You have put your finger squarely on the issue there. These countries (many of whom have a trade and account surplus with the US) now have a really, really hard choice to make:
1. Buy US paper at pitiful yields, thereby allowing the Fed and Congress to possibly reflate the US economy, only to see a prolonged period of mediocre US consumption of their exports, or
2. Bail on the US as the engine of their economies by refusing to buy any more US paper (they don’t even have to sell the paper they have — just stop buying the flood of new paper), turn their account surpluses inwards and stimulate their own economies, but guarantee that the US consumer is nearly a non-existent factor in their exports for at least five years, possibly as much as 10 years.
CompSci people have a term for this type of “resource contention” in concurrent programming systems: “the fatal embrace.”

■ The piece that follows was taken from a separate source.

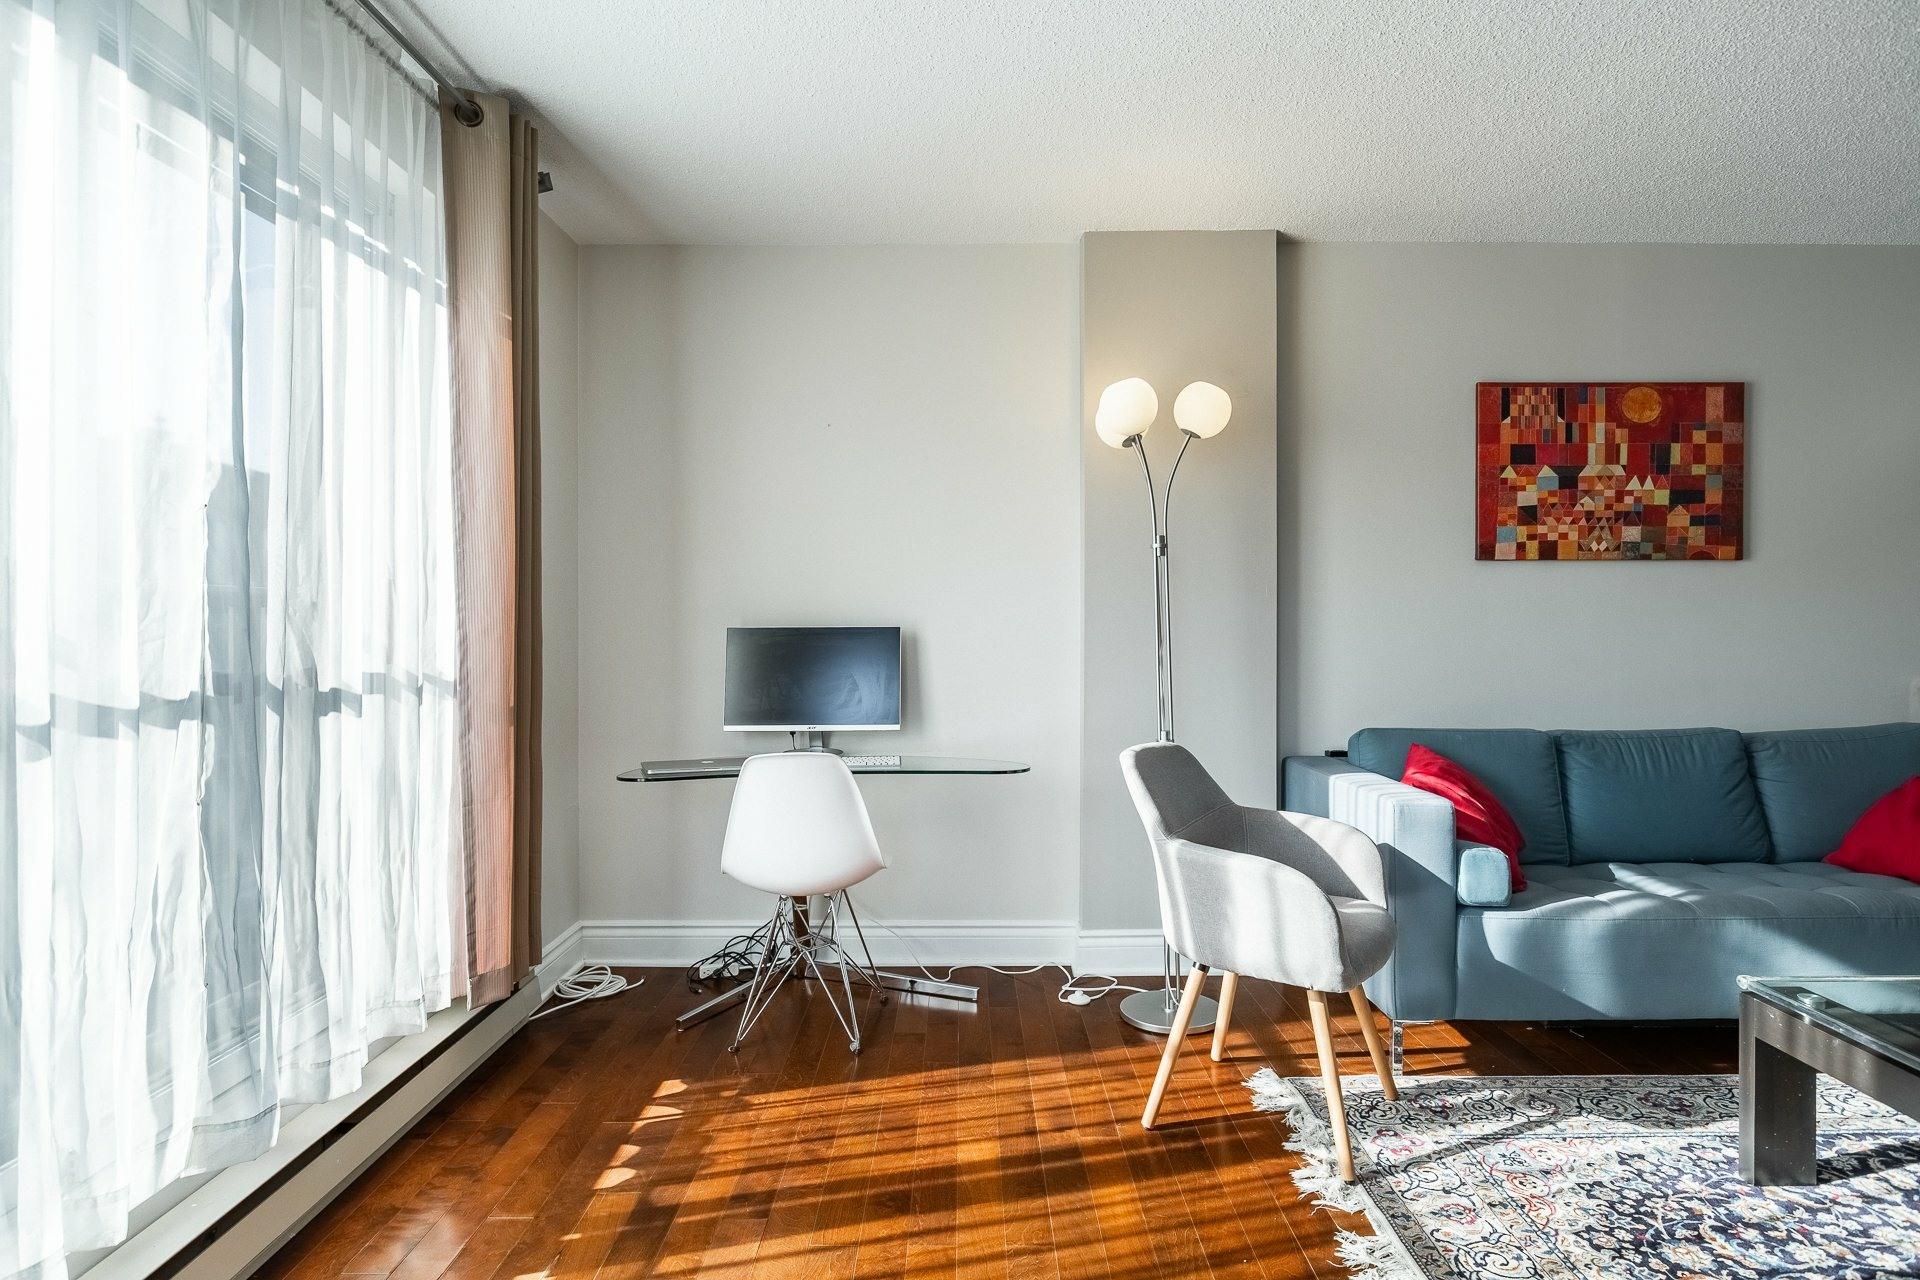 image 3 - Appartement À vendre Montréal Le Plateau-Mont-Royal  - 8 pièces
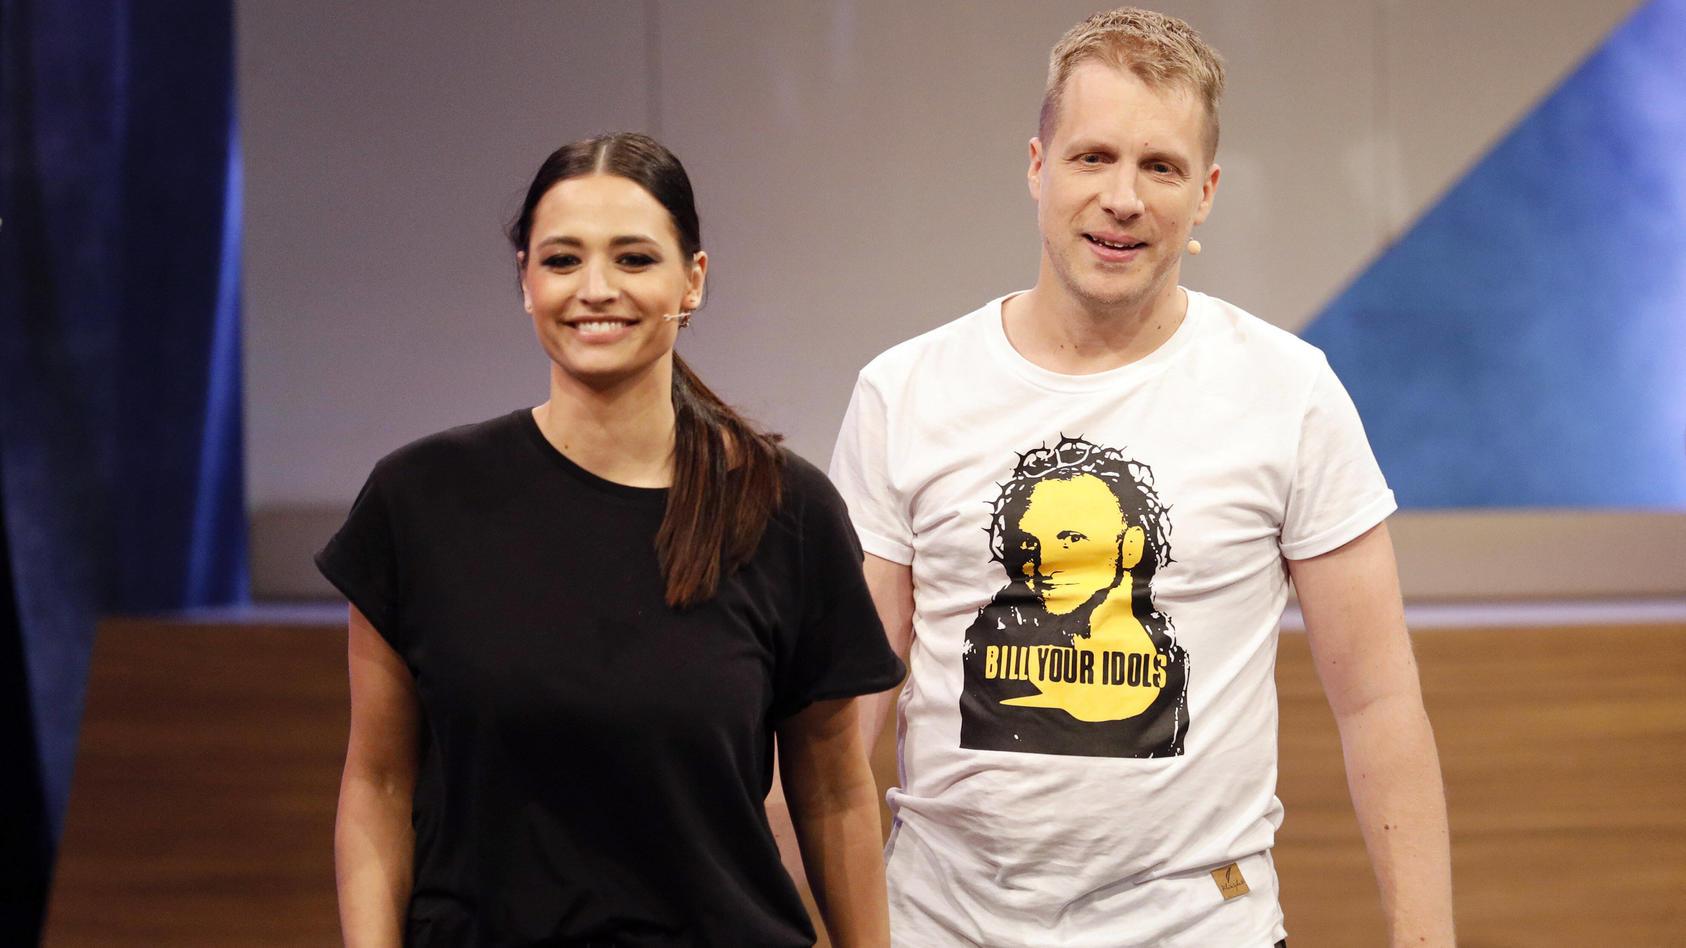 Amira Pocher und Oliver Pocher wurden von Rapperin Loredana scharf kritisiert.

The ultimate in codependant relationships....
The population of these countries are going to feel (if they are not already) mighty enraged against the West even though they helped fuel the problem and allowed their trade balances to go seriously out of whack.
There is another crash downward in the markets starting to happen. The bond prices are going to continue to increase, commodities are going to spike and we are all uck-fayed.
Took me an annoyed hour or so to figure out what I'd done.
It's well named.
If these nations stop buying our paper a large portion of the globalized economy turns in on itself. In short order they will have to find dependable trade partners for the things they don't do and a restructuring will occur with us on the outside.